Tri-State attempts to evade PUC oversight for facility planning and state law requiring reduction of GHGs by 90% by 2050

Colorado Sun, August 2019 excerpt

The FERC bid also came as Colorado adopted laws giving the PUC more oversight of Tri-State’s facility planning and also requiring utilities to reduce their greenhouse gas emissions 90% from 2005 levels by 2050. Tri-State gets almost half its electricity by burning coal.

“The PUC wants to make sure that Tri-State isn’t trying to go around those state efforts,” Kutzer said.

Tri-State Generation and Transmission Association gets about half the electricity it generates from coal-burning plants.
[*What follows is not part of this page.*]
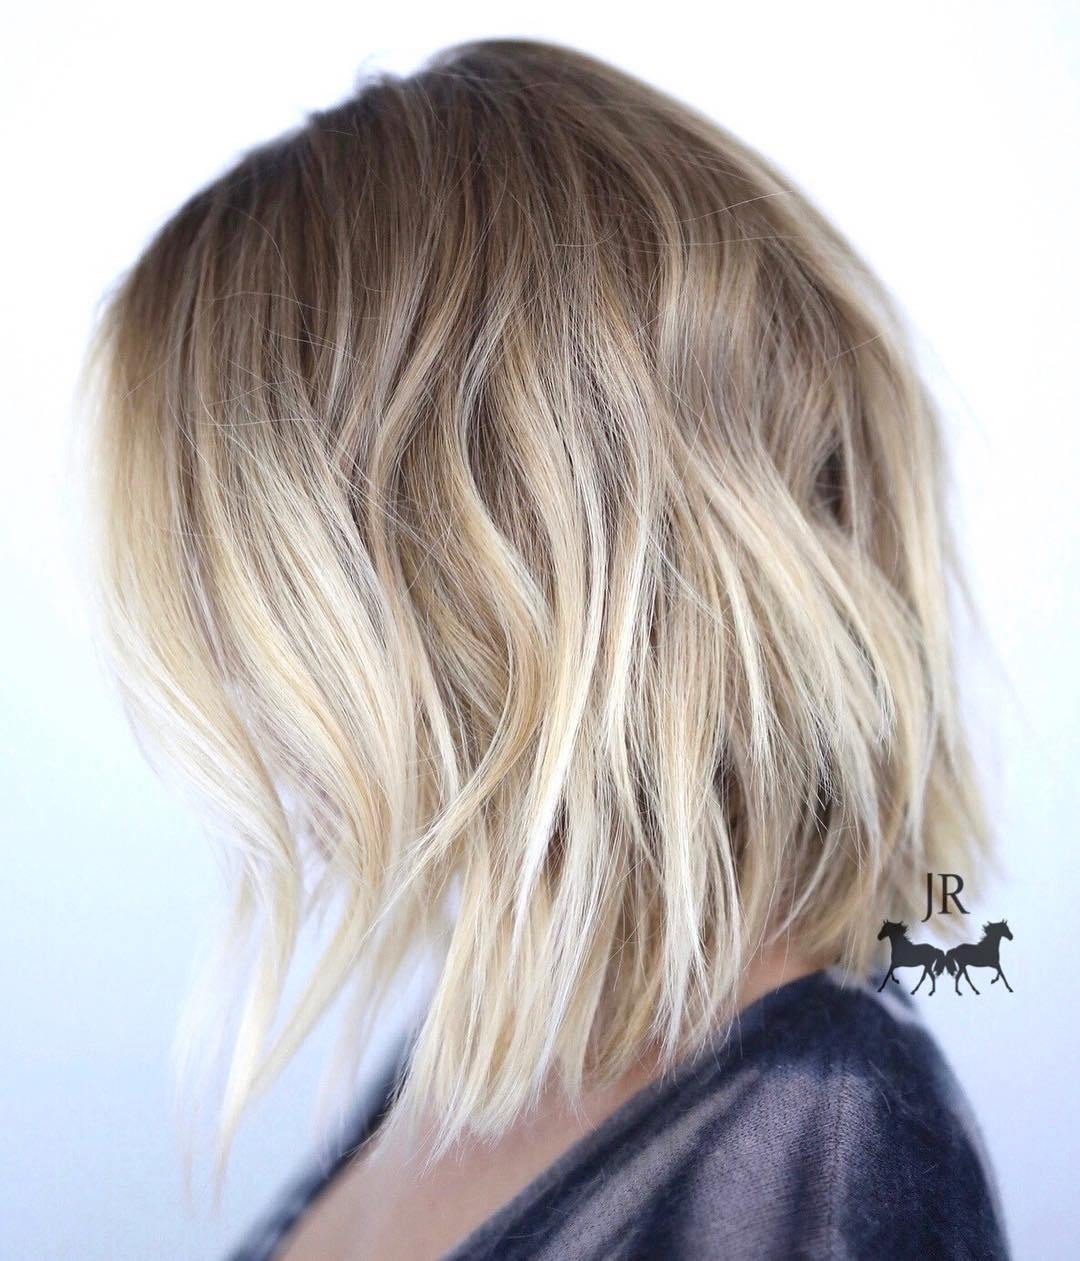 19-blonde-choppy-lob 19-blonde-choppy-lob-1

The company expects to close the coal-fired Nucla Station as soon as its on-site fuel supply is spent, likely in early 2020. The massive power company also plans to retire a coal-fired electric generation unit at Craig Station by the end of 2025. (William Woody, Special to The Colorado Sun)
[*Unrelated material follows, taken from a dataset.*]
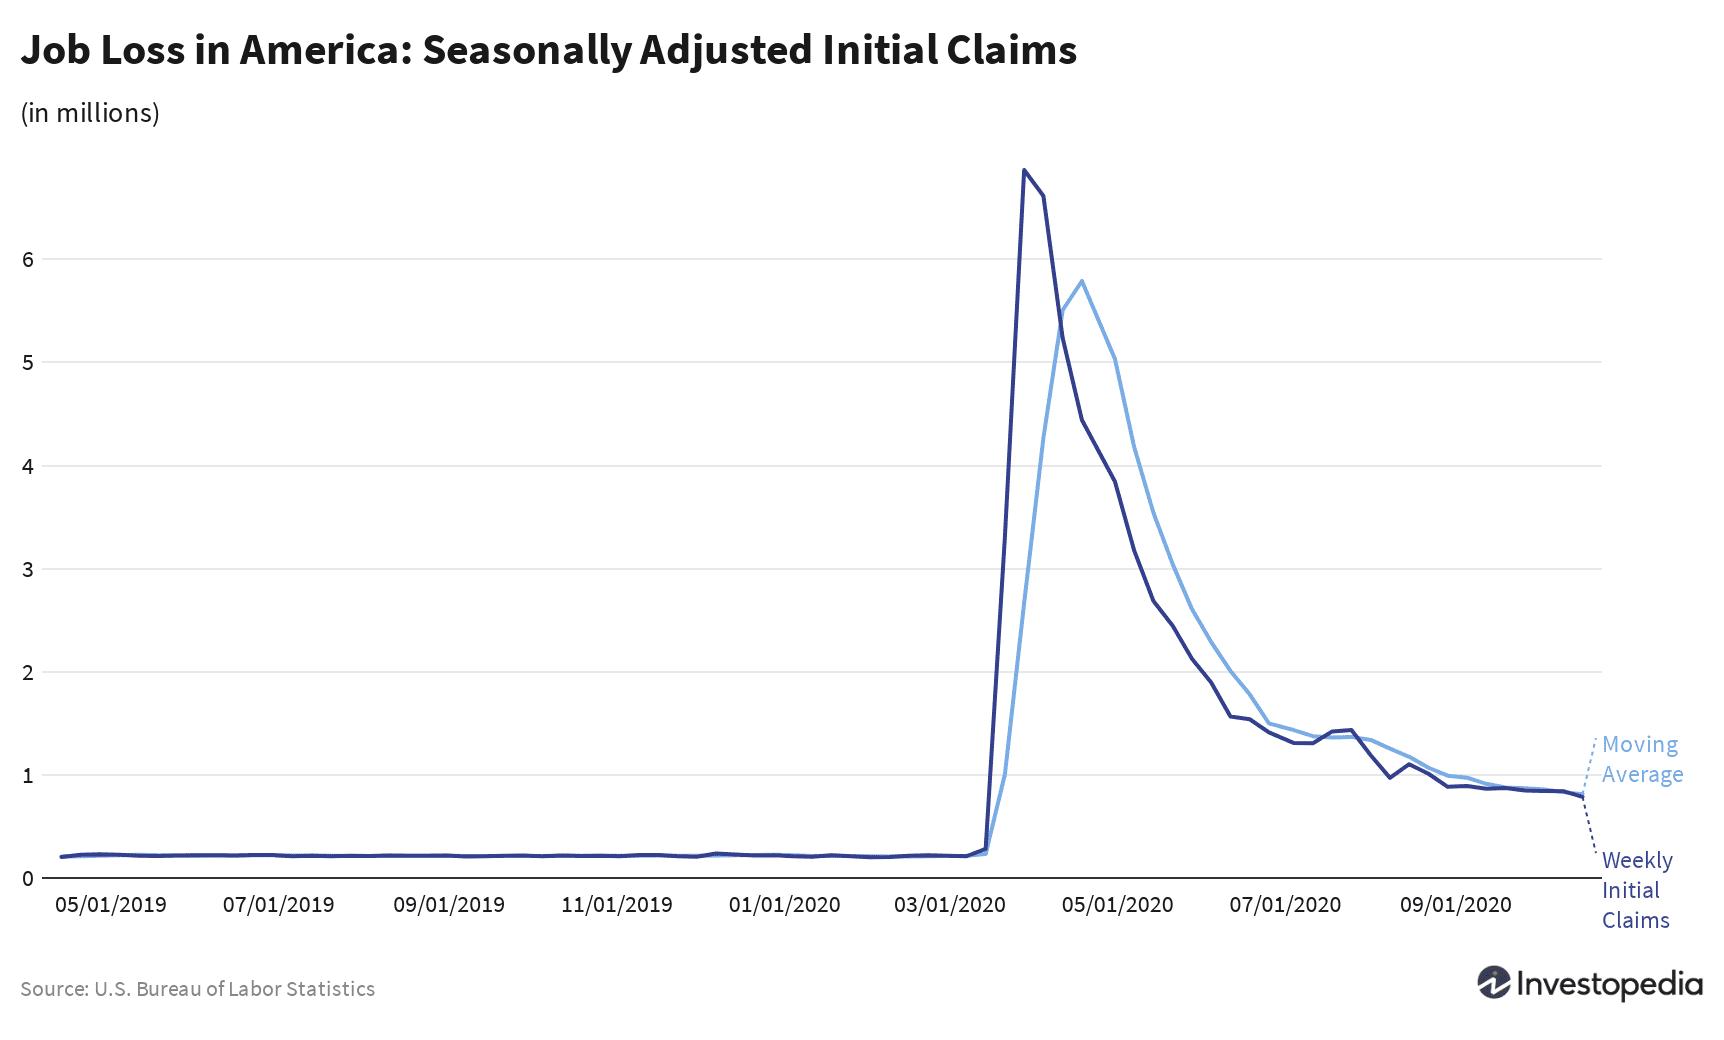 Job loss in America: Seasonally adjusted initial claims

Tri-State operates in Nebraska, Wyoming and New Mexico, as well as Colorado, and as regulatory regimes change in each state, it made sense to seek uniform rate regulation under FERC, the utility said.

This would allow for “rate certainty and predictability going forward,” according to Boughey.

While rates and contract disputes, such as the one with DMEA, would move to the FERC, Tri-State said it would still be under state jurisdiction for the resource planning and pollution-reduction goals.

“We are committed to working with the governor, the legislature and the Colorado Public Utilities Commission to implement the state’s energy goals, including complying with Colorado’s carbon-reduction rules and working with the commission and other stakeholders through the new resource planning process for Tri-State,” Boughey said.

Nevertheless, the PUC in its protest raised questions of whether the split oversight will create problems. “There are jurisdictional issues created if the state has jurisdiction over resource plans, which Tri-State admits, and the FERC has jurisdiction over rates,” the filing said. “Will FERC honor state decisions?”

To be eligible for FERC oversight Tri-State must add a new member that is not a rural cooperative. The PUC filing said that Tri-State has never named the new member.

In the filing it said that the PUC will discuss at its Aug. 21 meeting whether the commission must approve that new member.

The protest also said that Tri-State’s long-term contracts, which limit co-ops to generating no more than 5% of their own electricity, and the association’s opposition to co-ops buying local renewable energy under the Public Utilities Regulatory Policies Act is inconsistent with FERC policies.

The PUC said considering the “significant procedural, legal and jurisdiction flaws” in Tri-State’s application, it should be dismissed by the FERC.